What makes for great university teaching?

iain-hayWhen Professor Iain Hay, himself a winner of the Australian Prime Minister’s Award for University Teaching, decided to investigate what constitutes the best in university teaching, he went to the source – 22 winners of major tertiary teaching awards and honours in Australia, the US, Canada and the UK – and asked them to reflect on their own teaching practices.

The result is his new book, Inspiring Academics: Learning with World’s Great Teachers.

Professor Hay (pictured) said there are already many excellent “how to” guides for teachers.

“With this book, I was trying to get away from providing teaching tips. I wanted to try to get into the heads of these people to gain insights into how they approach teaching,” Professor Hay said.

As well as drawing on a gamut of disciplines that included geographers, physicists, pathologists and creative writers, Professor Hay sought a balance in gender and stage of career.

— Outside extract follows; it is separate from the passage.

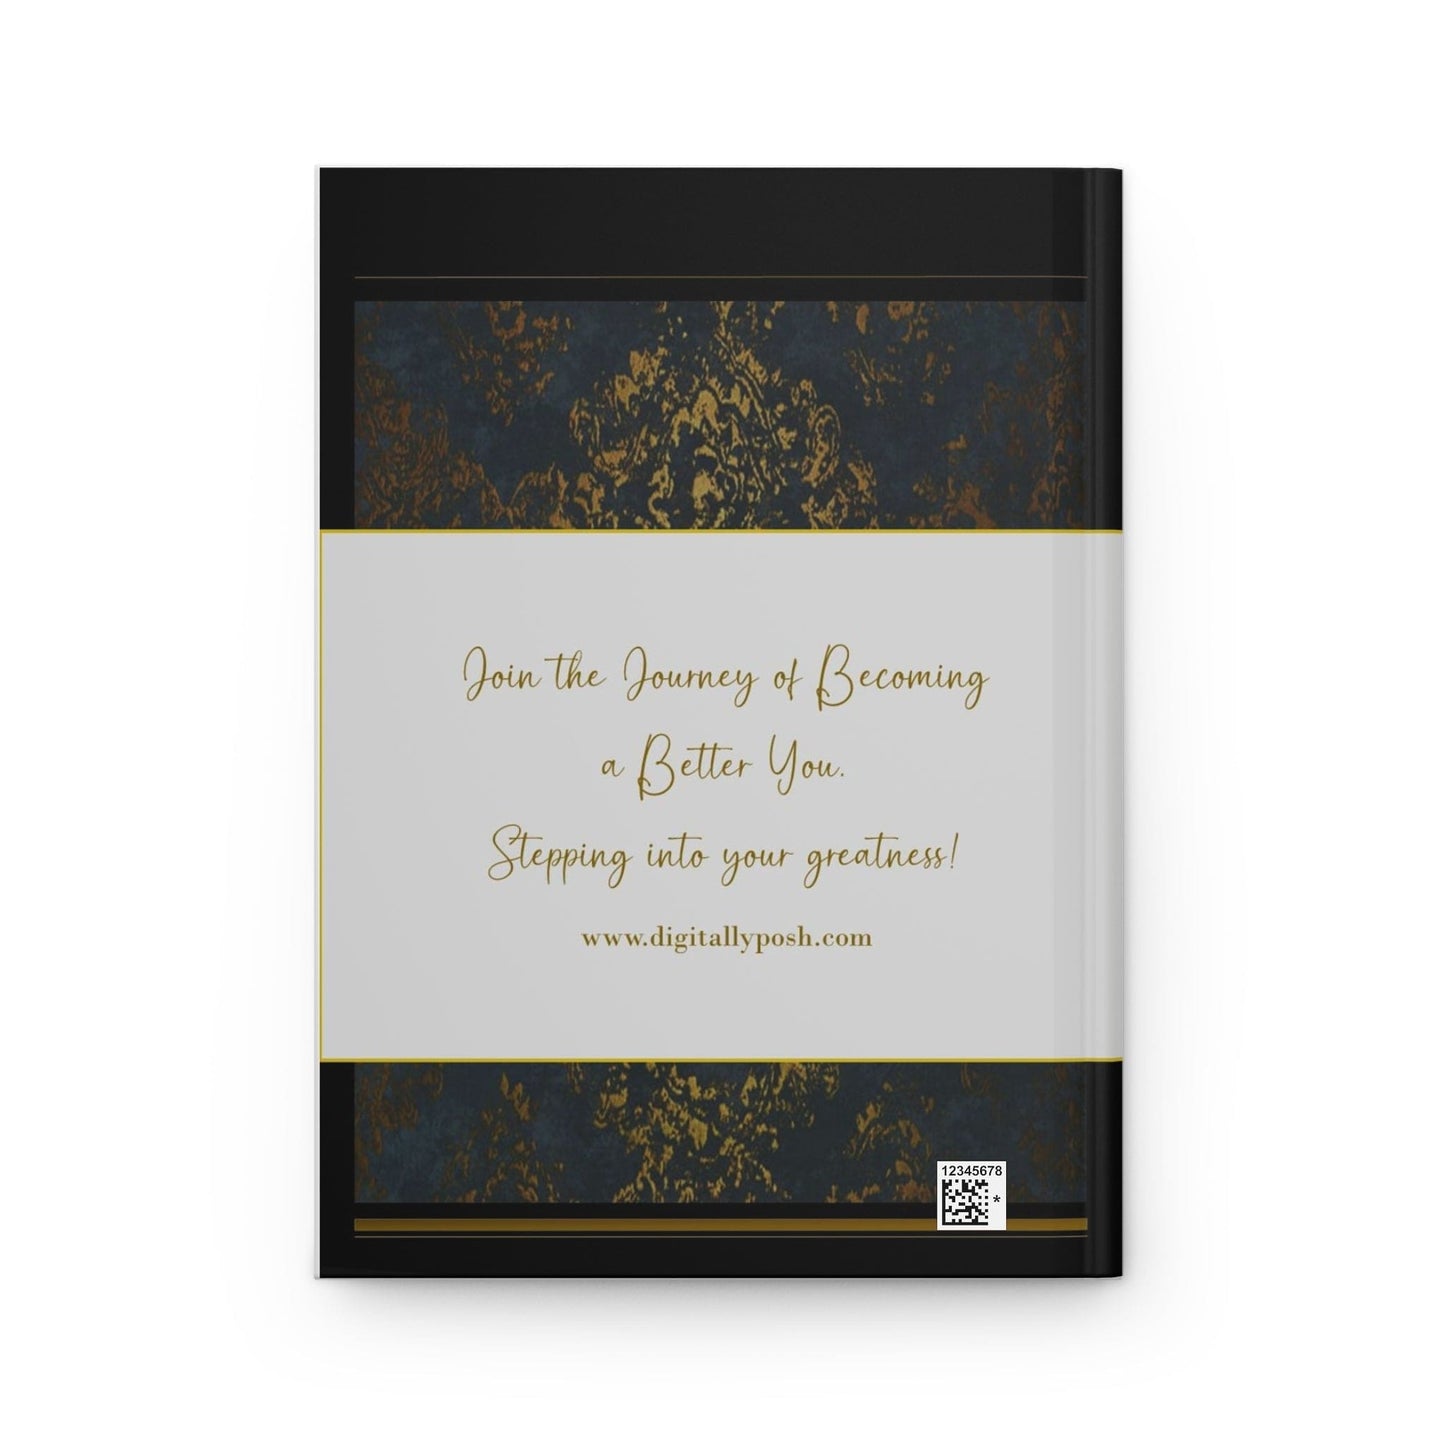 Personalized Journal: Capture Memories and Express Yourself with Customized Journaling. The Confident Beaute Journal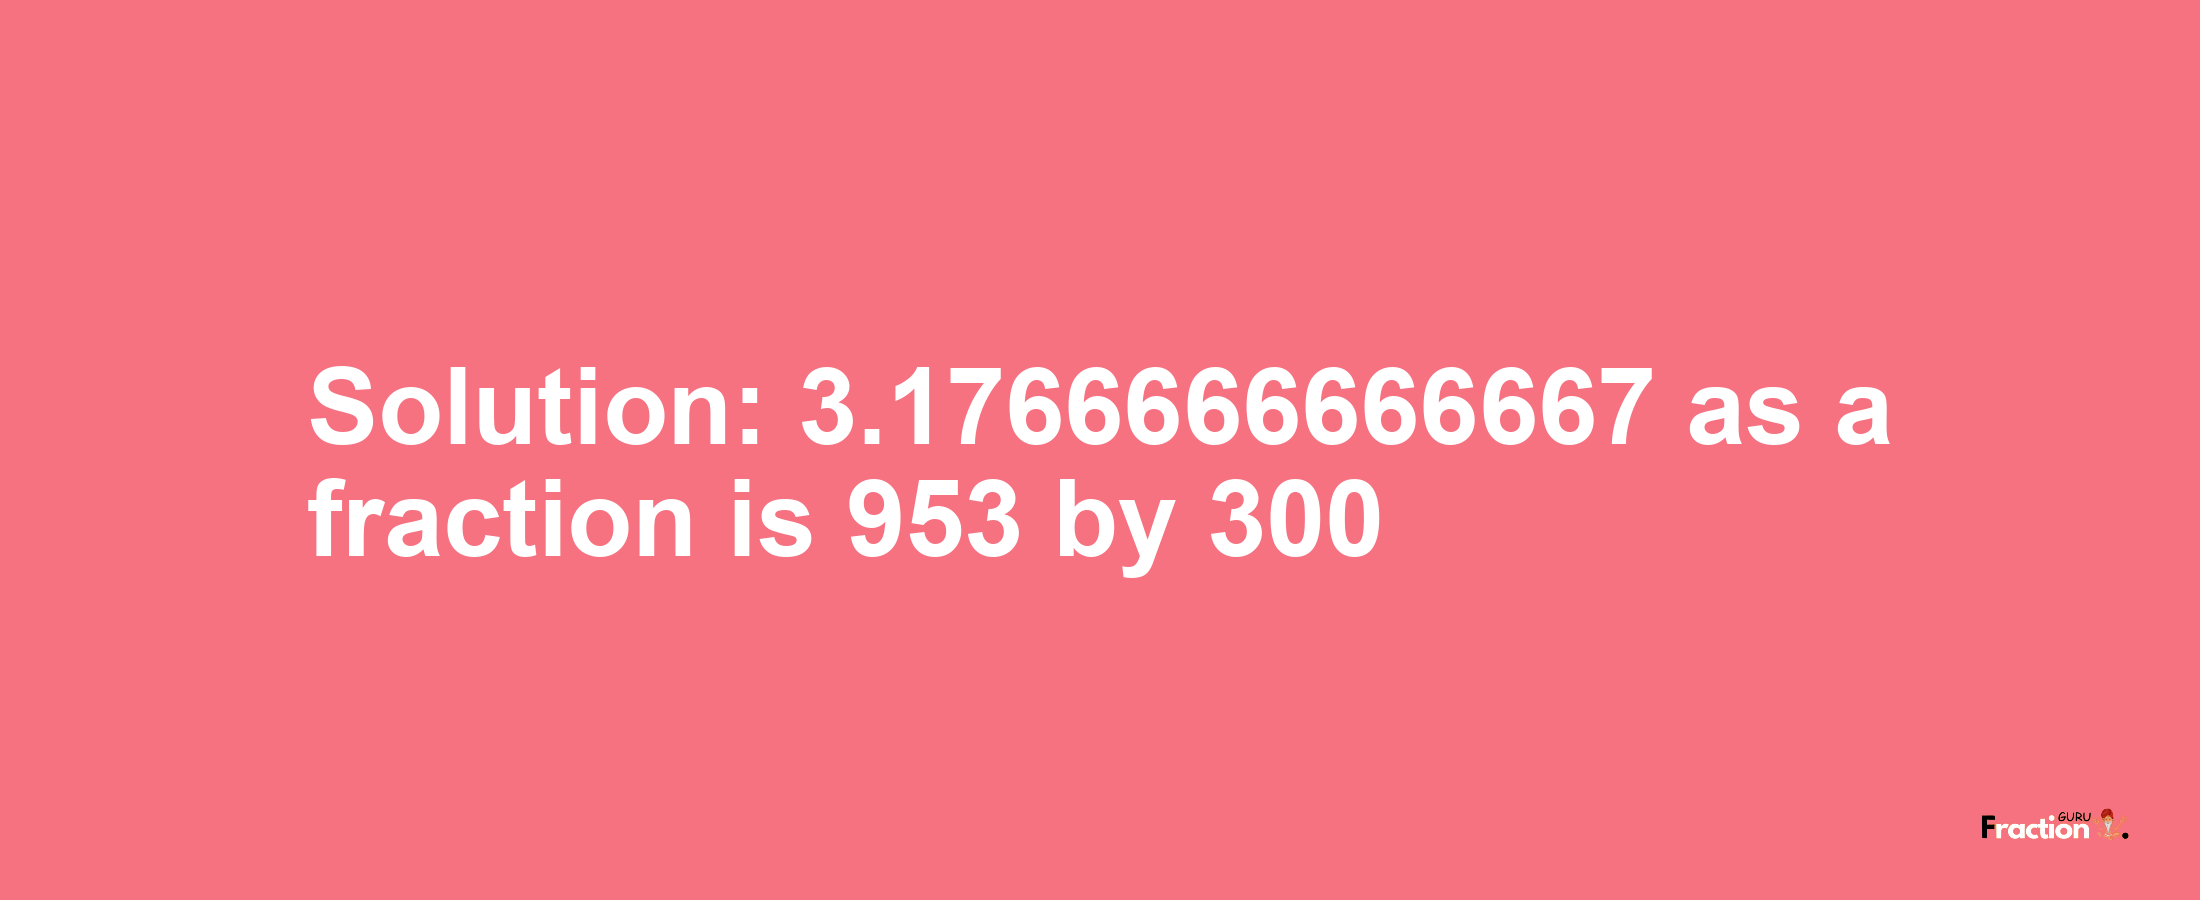 Solution:3.1766666666667 as a fraction is 953/300

Professor Hay said that in the past he has characterised the keys to good teaching as being enthusiastic, being organised, and being engaged, both with the students and with the material.

And while some of these fundamental skills can be acquired by all teachers, he said that the book demonstrates that there isn’t a single winning formula: approaches and styles among the contributors varied widely.

“One of the things that comes out of the book, and one that we need to come to terms with, is that there isn’t necessarily a one-size-fits-all model of really good and effective teaching,” Professor Hay said.

Teachers are cut from different cloth, and their teaching practice needs to reflect that: “It’s a matter of working out who you are, who your students are and of playing to your strengths,” he said.

Professor Hay said that many early career teachers subject themselves to unnecessary pressure, and the contributors concur that the target of presenting the “perfect, seamless” lecture or of achieving complete mastery of a field is not a useful, or even an achievable, aspiration.

“Even Carl Wieman, a Nobel Laureate, admits that he gets questions from first-year physics students that he can’t answer from the floor,” Professor Hay said.

“As some of the contributors suggest, it’s a matter of learning with your students.”